Items 1-3 are performed on all 4 servers.

1. Install on all servers a full set of all services except the client if you have LXC containers. We put all the services, because they are still disabled in Debian at startup in / etc / default / ... And if you suddenly have to turn the metalogger into a master, everything will already be installed in advance.

 apt-get -y install lizardfs-common lizardfs-master lizardfs-chunkserver lizardfs-metalogger lizardfs-client cp /etc/lizardfs/mfsmaster.cfg.dist /etc/lizardfs/mfsmaster.cfg cp /etc/lizardfs/mfsmetalogger.cfg.dist /etc/lizardfs/mfsmetalogger.cfg cp /etc/lizardfs/mfsgoals.cfg.dist /etc/lizardfs/mfsgoals.cfg cp /etc/lizardfs/mfschunkserver.cfg.dist /etc/lizardfs/mfschunkserver.cfg cp /etc/lizardfs/mfshdd.cfg.dist /etc/lizardfs/mfshdd.cfg

Or, since the option above is given in Debian in native packages, if you install from source or build your packages, the directory will be different:

 cp /etc/mfs/mfsmaster.cfg.dist /etc/mfs/mfsmaster.cfg cp /etc/mfs/mfsmetalogger.cfg.dist /etc/mfs/mfsmetalogger.cfg cp /etc/mfs/mfsgoals.cfg.dist /etc/mfs/mfsgoals.cfg cp /etc/mfs/mfschunkserver.cfg.dist /etc/mfs/mfschunkserver.cfg cp /etc/mfs/mfshdd.cfg.dist /etc/mfs/mfshdd.cfg

Including the names of the utilities, depending on the packages, can also change - mfs * / lizardfs <action> and so on.

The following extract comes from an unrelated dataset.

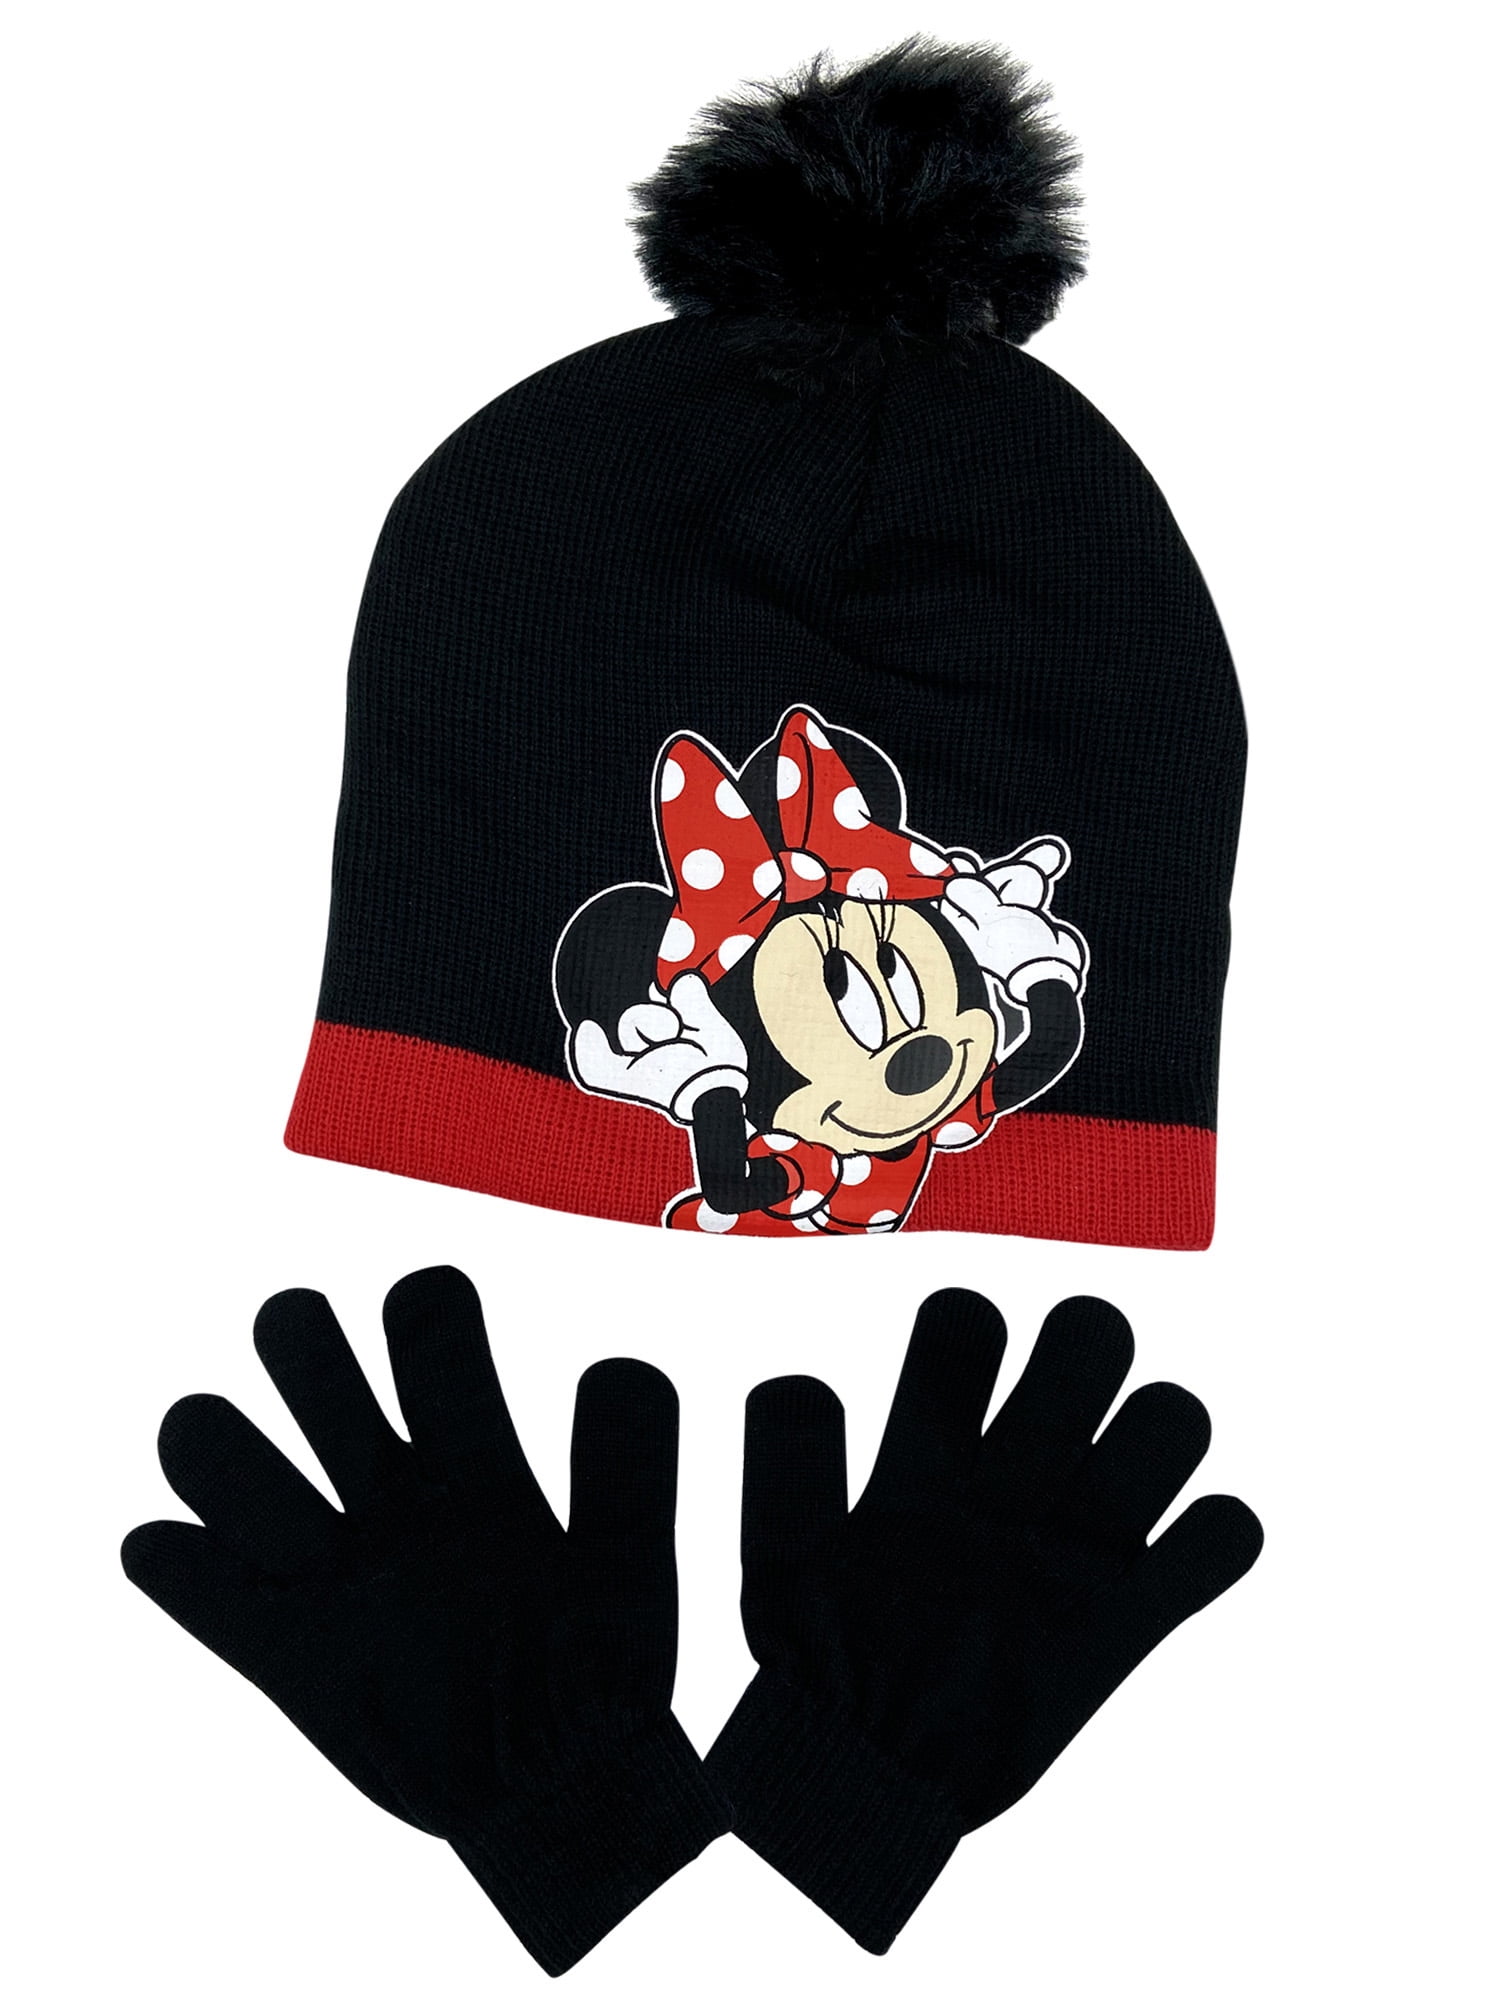 NWT Disney Minnie Mouse Knit Beanie Hat Cap Pink Striped Winter Girls One Size

In some cases, if you do not install the master package of the server, but only put metalogger and chunkserver, then by default the rights of the user and the group mfs / lizardfs on the folder / var / lib / mfs or / var / lib / lizardfs are not set.

2. Add to / etc / hosts the default entry for LizardFS.

 echo "172.24.1.1 mfsmaster" >> /etc/hosts

3. Choose a folder or a separate section for data storage, or even 2 sections or more. Consider just 1 folder in the current filesystem on each server: / data / lizardfs-chunk

 mkdir -p /var/www (    ) mkdir -p /data/lizardfs-chunk ( LizardFS      )

 echo "/data/lizardfs-chunk" > /etc/lizardfs/mfshdd.cfg echo "172.24.1.0/24 / rw,alldirs,maproot=0" > /etc/lizardfs/mfsexports.cfg

 echo "/data/lizardfs-chunk" > /etc/mfs/mfshdd.cfg echo "172.24.1.0/24 . rw,alldirs,maproot=0" > /etc/mfs/mfsexports.cfg echo "172.24.1.0/24 / rw,alldirs,maproot=0" > /etc/mfs/mfsexports.cfg

Sharing the root - meaning the entire space of the LizardFS itself, and not the root of the native FS system.

Sharing points - meaning that it was possible to connect the file system with meta-data. This will be required to clean up the deleted files. Reviewed below.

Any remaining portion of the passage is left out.